# Back stabbing republicans



## Plainsman (Jul 30, 2003)

http://www.breitbart.com/big-government ... ax-pledge/

I will never trust Paul Ryan again. Actually I don't trust one single democrat or 95% of the republicans. We need to find a way to clean house in Washington, and I think North Dakota too.


----------



## Habitat Hugger (Jan 19, 2005)

I admit I don't understand any of this trade and tax stuff!?! I've been trying to figure it out and sort out all the stuff with it. I guess, I'll have to defer to our legally elected reps on this one and let them make the decision for us. 
Like most things political, there are probably some bad things and probably some good things too. Never100% good or bad.

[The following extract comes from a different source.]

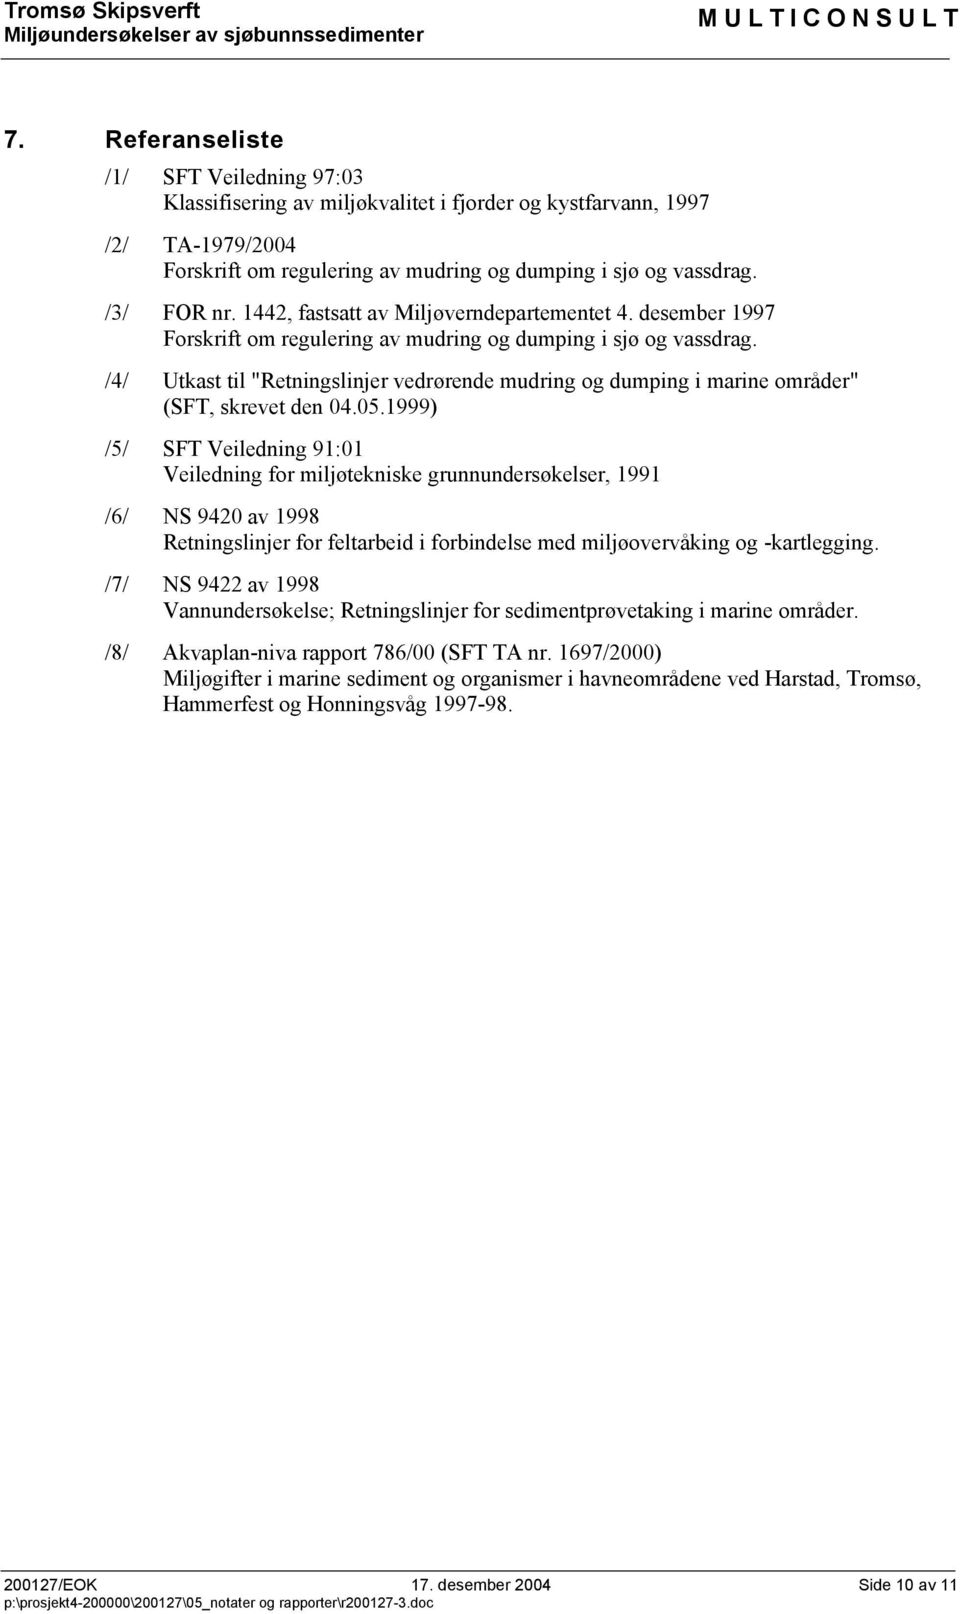 /4/ Utkast til "Retningslinjer vedrørende mudring og dumping i marine områder" (SFT, skrevet den 04.05.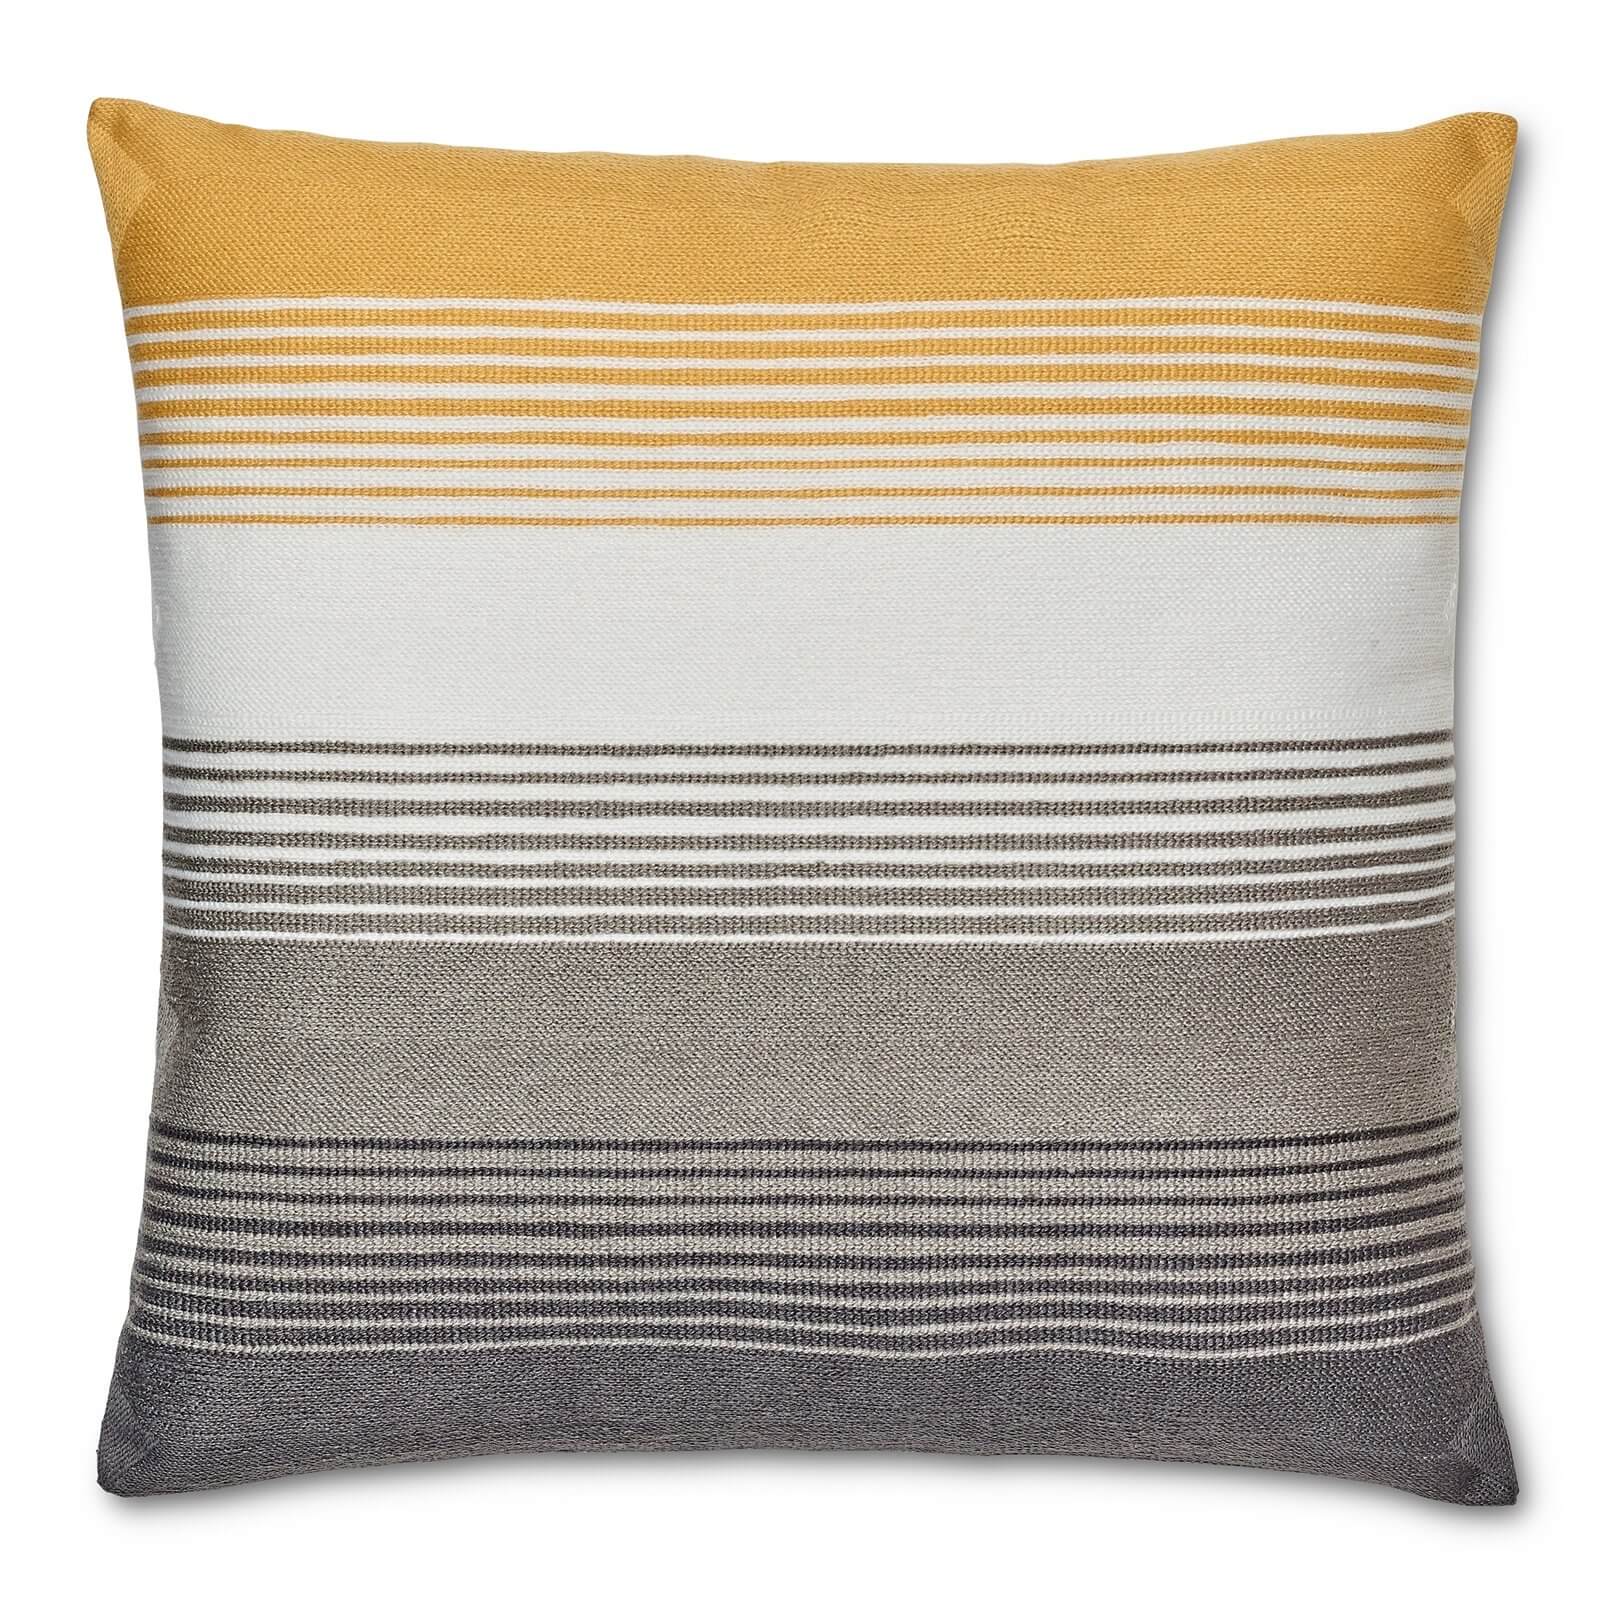 Striped Cushion - Ochre & Grey

I can't understand the hold Grover Nordquist has over he House Republicans. I never got a chance to vote for him, nor did any other AMERICAN that I know of! I'm against new taxes BUT most importantly LESS GOVERNMENT WASTE that surrounds us all daily! Listened to the radio while cutting the lawn yesterday and heard 4 paid advertisements for the Bismack Airport!?!? HIH?? Can I fly out of the Mandan Airport? Or the Linton or Glen Ullin Airport? One of many many examples I see and hear of every single day!


----------



## shaug (Mar 28, 2011)

I like Grover Nordquist. Saw him in Bismarck a couple years ago. Here is part of his speech:

GROVER NORQUIST: We had the pledge out there and we branded the modern Republican as the party that would not raise your taxes, Branding is important. Coca-Cola spends a lot of time, quality control branding Coca-Cola. Everybody knows what's in Coca-Cola. And so you can buy a bottle of Coke, take it home, you don't have to ask what's in it, or read the ingredients, or ask your friends about. You just take it home, you drink it.

If you get two-thirds the way through your bottle of Coke and you look in and there is a rat head in what's left in your Coke bottle, you do not say to yourself, 'You know, I'm wondering whether I'm going to finish all of the rest of this particular bottle of Coke this evening.' You begin to wonder whether you'll buy Coke in the future, you go on local TV and you show the cool rat head. Coca-Cola has a very large problem worldwide. It damages the brand. Republican elected officials who vote for tax increases are rat heads in the Coke bottle. They damage the brand for everybody else.


----------